Copy number polymorphisms

In addition to regulatory polymorphisms that cause allele-specific differences in expression, protein expression may be altered among individuals as a result of copy number polymorphisms (CNPs) [104, 105]. CNPs are alterations in genomic DNA that cause deletions or duplications of a gene in adjacent segments of DNA [104, 105]. Analogous to the definition of SNPs, the minor form of a CNP must occur in more than 1% of the population for this variation to be termed a CNP. The deletions or duplications result in varying copy numbers of genes among individuals and can cause measurable differences in protein expression. The differences in protein expression are not due to altered regulation of gene transcription, as in allele-specific differences in expression, but are a result of a decrease or increase in the number of copies of the gene in the genome [104]. CNPs are likely to contribute to complex disease and quantitative traits. An example of a CNP that leads to human disease is the genomic duplication of the PMP22 gene, which causes the most common form of Charcot-Marie Tooth disease [106]. CNPs are likely to have variable affects on phenotypes, depending on the sensitivity of the gene to dose, interactions with other loci, and the environment.

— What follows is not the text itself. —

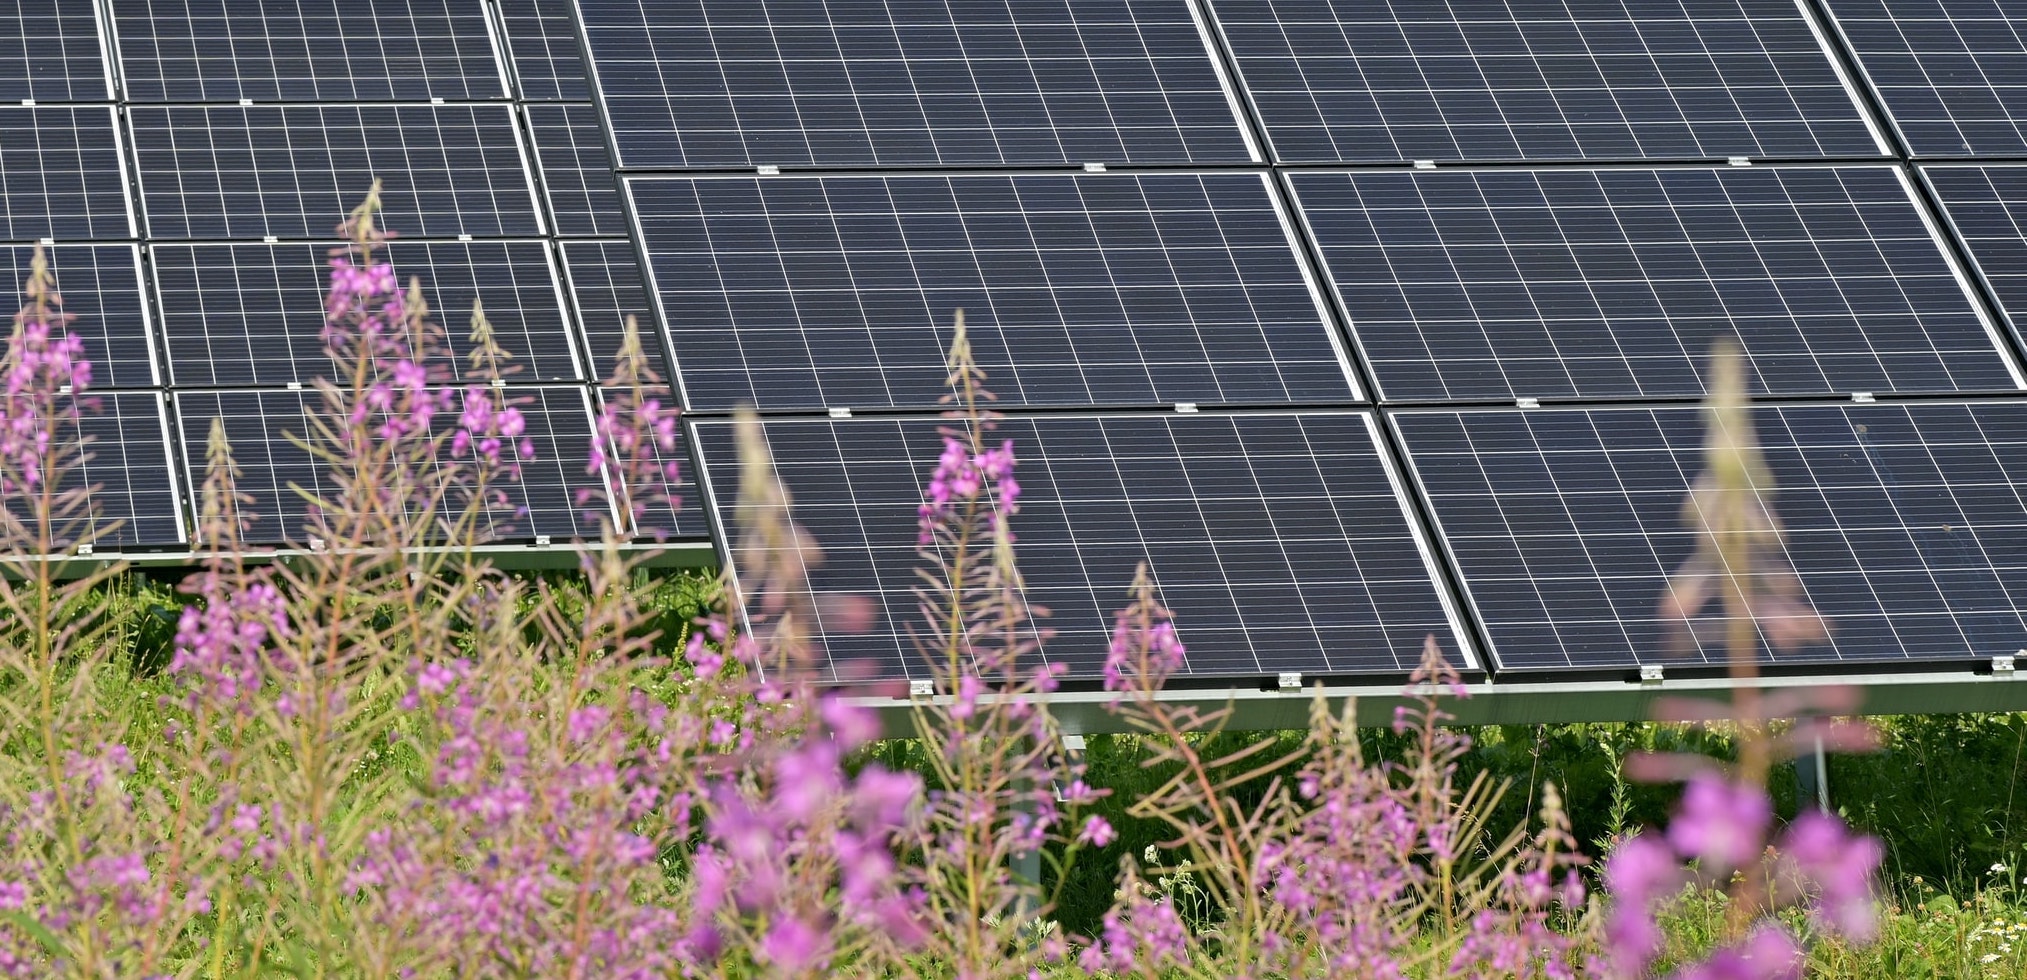 Solar panels with pink wildflowers in the foreground

The availability of increasingly complex microarrays at decreasing cost has made it possible to perform genome-wide analysis of CNPs to quantify copy number differences. Affymetrix and Illumina offer combined SNP genotyping and copy number analysis, allowing researchers to perform genome-wide studies to detect associations of disease with either CNPs or SNPs. Genotyping of multibase, often multi-allelic CNPs is more challenging than genotyping di-allelic SNPs, however, and current data indicate that there is a low correlation between quantitative measures of CNPs and the true allelic state of each CNP in each individual [107]. More accurate assays are needed for association studies using CNPs.

Use of genetic tests in patient care

Although a number of important genetic associations with outcome from sepsis have been discovered, further steps are required to apply these discoveries to patient care. First, risk for adverse outcome predicted by genotype is somewhat helpful, but prediction of response to therapy is clearly more useful for clinicians deciding on therapeutic approaches. Therefore, genetic association studies must expand measured end-points to include response to specific therapies. Second, predictive genetic associations must also consider specificity and sensitivity analyses to confirm that genotypic information contributes to predictions of response to therapy or outcome beyond what is possible using classical measures (age, severity of illness, and so on). Third, prospective testing of predictive genetic tests in large multicenter studies will be important to validate the treatment-modifying discoveries and to define the effectiveness (a step beyond efficacy) of decisions based on the predictive genetic test. These are substantial hurdles but they can be addressed, particularly by global collaborations, which we should all now embrace.

Conclusion

The age of genomic personalized medicine is within our reach. Previous genetic association studies in sepsis have had problems with reproducibility as a result of a number of issues, including small sample sizes, bias resulting from selection of candidate genes, the influence of multiple genes and environment on phenotype, epigenetics, and a lack of understanding of the patterns of variation in the human genome. We are beginning to develop the ability to deal with these issues as new, more economically feasible technologies allow us to genotype thousands of patients at hundreds of thousands of loci, and as we develop a better understanding of the complexity of patterns of variation in the human genome and the environment. Discoveries of novel genotype-phenotype associations in infectious disease may provide us with a clearer understanding of the pathways that are involved in susceptibility and response to infection, and they may one day allow us to treat patients with more specific treatments with fewer side effects.